We distributed the 30 items to 409 students in 13 different courses that used TBL as the major pedagogical method at three different medical schools throughout the United States (Baylor College of Medicine, The University of Texas Medical Branch, and The Wright State Boonshoft School of Medicine). TBL settings in medical schools were chosen to test and refine our instrument because these settings create a structure that allows team processes to emerge mainly as a result of interactions between the individual students assigned to each team. Specifically, TBL uses teams without individual faculty facilitators (theoretically putting all teams on equal footing at the outset of a course), directs all of the teams in a course to solve a common set of real-world application-based tasks, and requires all teams to perform their work in parallel in the same educational space, such as a lecture hall. In these schools, students were also assigned to teams rather than being able to self-select their team members.

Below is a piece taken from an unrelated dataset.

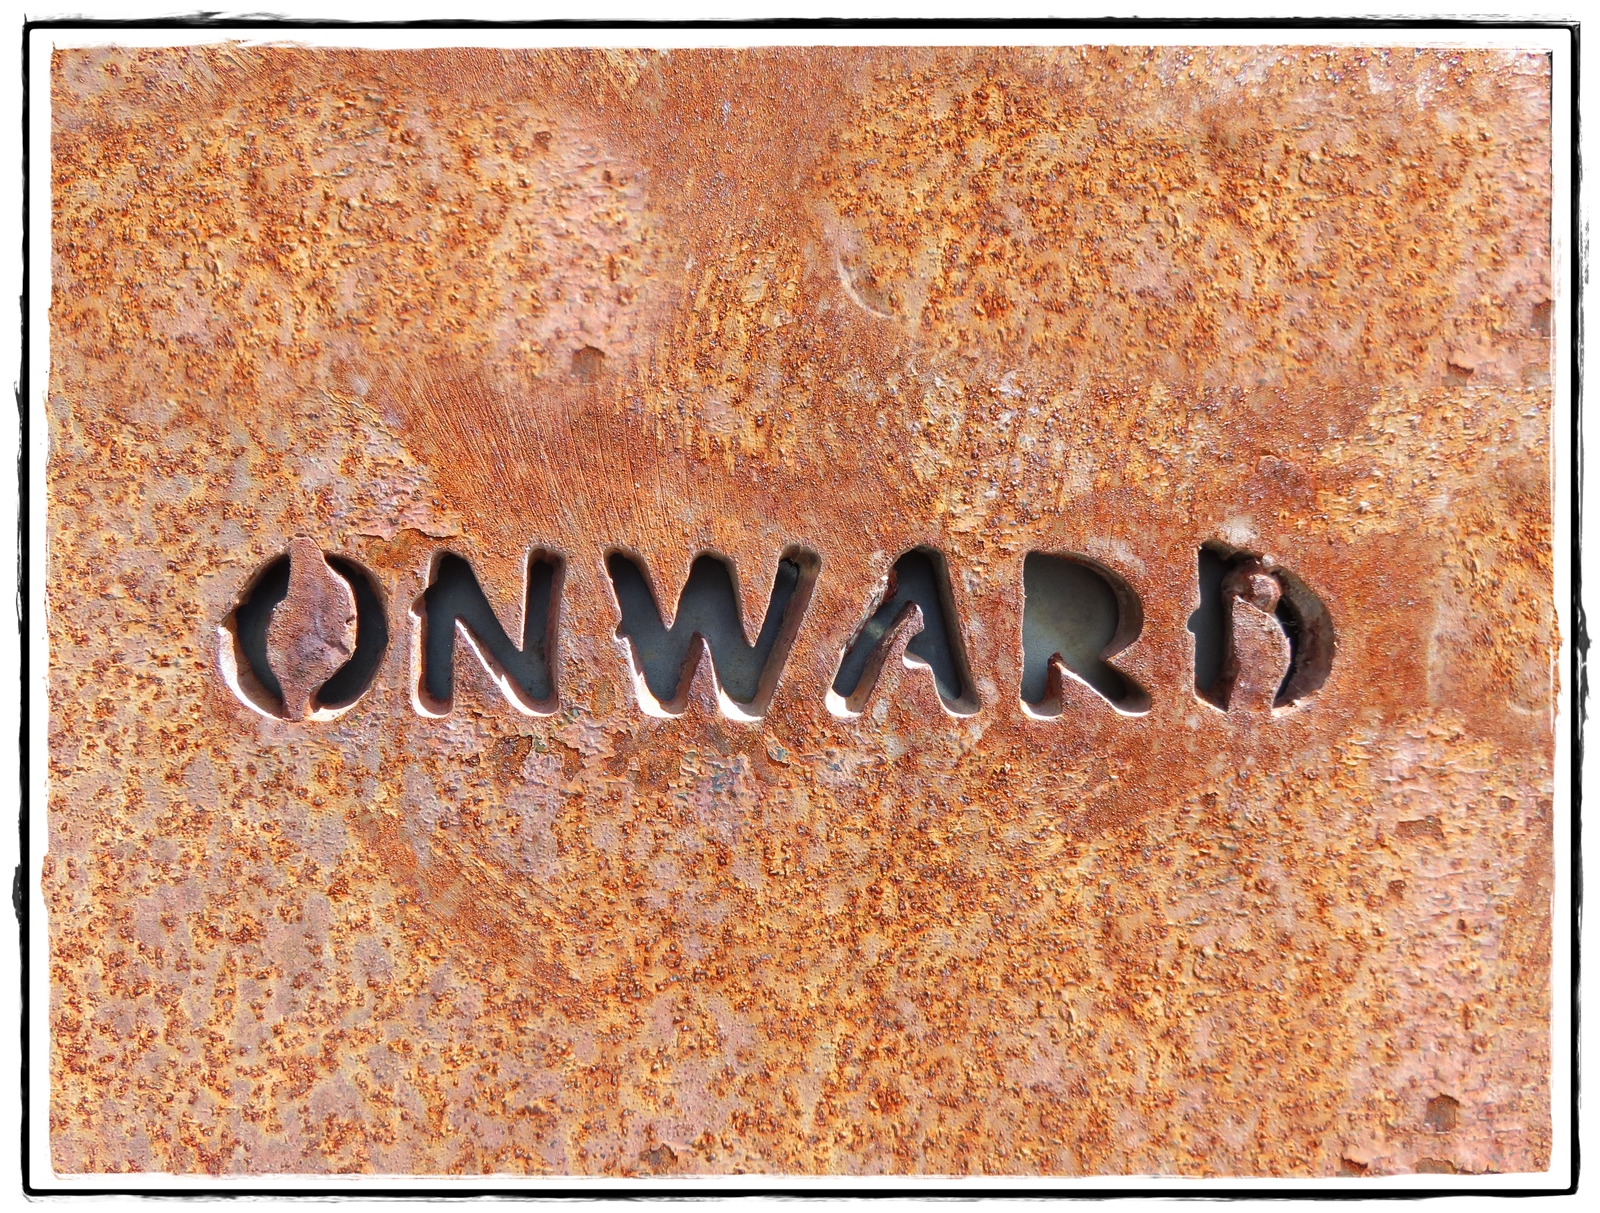 The word "onward" chiseled into rust-colored stone

Psychometric evaluation and validation of the Team Performance Scale
To assess the psychometric properties of the Team Performance Scale (TPS) and validate it in a second sample, we next distributed the TPS to second-year students in an evidence-based medicine course at Baylor College of Medicine during the 2006–2007 and 2007–2008 academic years. This course used TBL as its major pedagogical method and also used a peer evaluation process at the end of the course. This additional measure used the method of Michaelsen et al.8 Briefly, each student was given 100 points to distribute to the other students on their team based on how “helpful” each member’s contribution to the team activities had been. Students were required to distribute all 100 points and were not allowed to give points to themselves. Therefore, each team member received a total peer evaluation score that was based on the points that their peers had distributed to them.
We calculated TPS scores at the individual and team levels. We determined an individual TPS score by calculating a summed score for the 18 TPS items (possible total of 108 points) for each student. We determined a team TPS score by averaging the individual TPS scores of all team members.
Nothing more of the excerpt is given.